There’s one technical aspect to replacement levels that has a big effect but that people sometimes ignore. Aside from absolute number of children, the age at which those children themselves reproduce changes population numbers. Just to make that clear, let me give an example. Consider a sixty year span of time. If a couple produces two children at thirty, and those children each have a child apiece when they are thirty, then the total number of people after sixty years, including all three generations, is six. If, instead, everybody reproduces at fifteen, there are five generations after sixty years and the total number is ten. Everybody has only one child each, but age at reproduction has a big effect on total numbers. The longer lifespan becomes, the more critical this effect is. If lifespan increases very gradually, that might not matter, but should there suddenly be a medical advance that has us all living to 400, it would again become important to adjust reproductive rates downward or suffer the consequences of reduced quality of life. I wouldn’t be hugely suprised — maybe just a bit surprised — to see noticeably lengthened life spans, say to 120 or so, as a consequence of stem cell therapies, so even in the near future this discussion is not completely theoretical.
Producing children has always been socially as well as personally important. But fairness requires changes to its significance. Who has sex with whom has zero public significance, and the sooner that’s universally recognized, the sooner we can stop generating massive suffering by unfairly, unethically, and immorally interfering in each others’ lives. On the other hand, parenting has huge environmental consequences which are ignored at this point. We’re used to that luxury, but that doesn’t make it right.
Children
The first thing that has to be said about children is that they have rights. They have none now, at least not in law. Where children are involved, the discussion is about how much damage parents can do before their rights are revoked in favor of the state. To find other human beings with similar status, one has to go back to the days when people argued about how much husbands could beat their wives.

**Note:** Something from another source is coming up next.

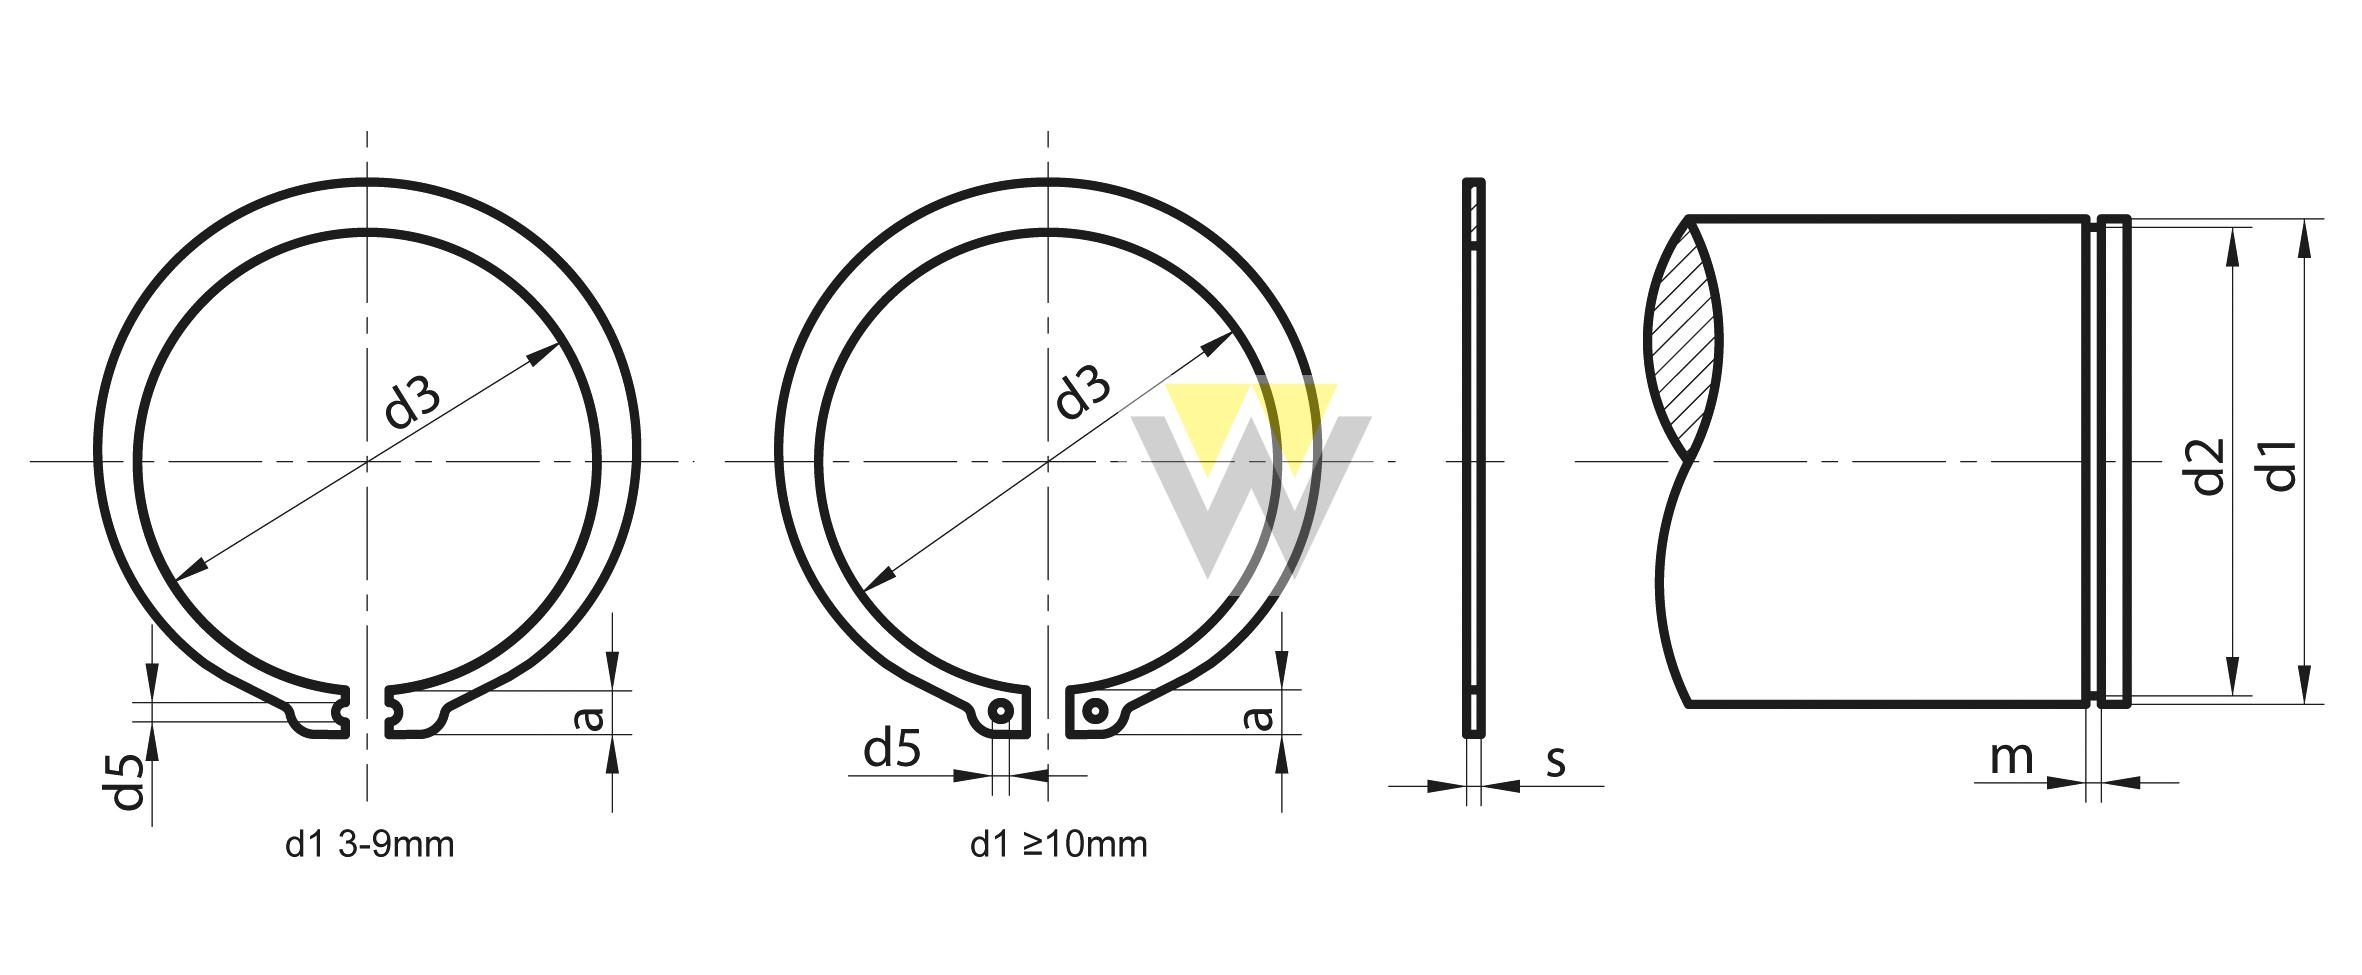 WERCHEM_DIN471_drawing

Any mention of actual children’s rights is written off as impractical, just as every other expansion of rights to former chattel has been, and with about as much actual merit. I’ll discuss below some possible ways that children’s rights could be implemented, although there may well be much better and more practical ways to achieve the desired result.
Another class of objections is variations on the theme that any rights will result in a dictatorship of rude, free range children. That’s nothing but a false dichotomy between absolute parental rights and absolute children’s rights. Those are not our only choices. This is yet one more case, perhaps the most difficult case of all, where many different rights have to be balanced. An issue that depends on balance cannot be solved by saying balance is too difficult. With echoes of other similar excuses, it’s amazing how consistently the corollary is that all power has to stay in statu quo.
All that said, there are major differences between children’s rights and those of any other class of people because of children’s lack of experience. Rights for children does not imply that they should suddenly dictate how schools or families are run. Their usual ideas on those topics would prove neither sustainable nor effective. Under normal circumstances, parents need to be the final authorities on what children do for the sake of the children themselves. But that’s under normal circumstances. It’s in abnormal circumstances that the problems arise, and it’s those situations that children’s rights must help rectify.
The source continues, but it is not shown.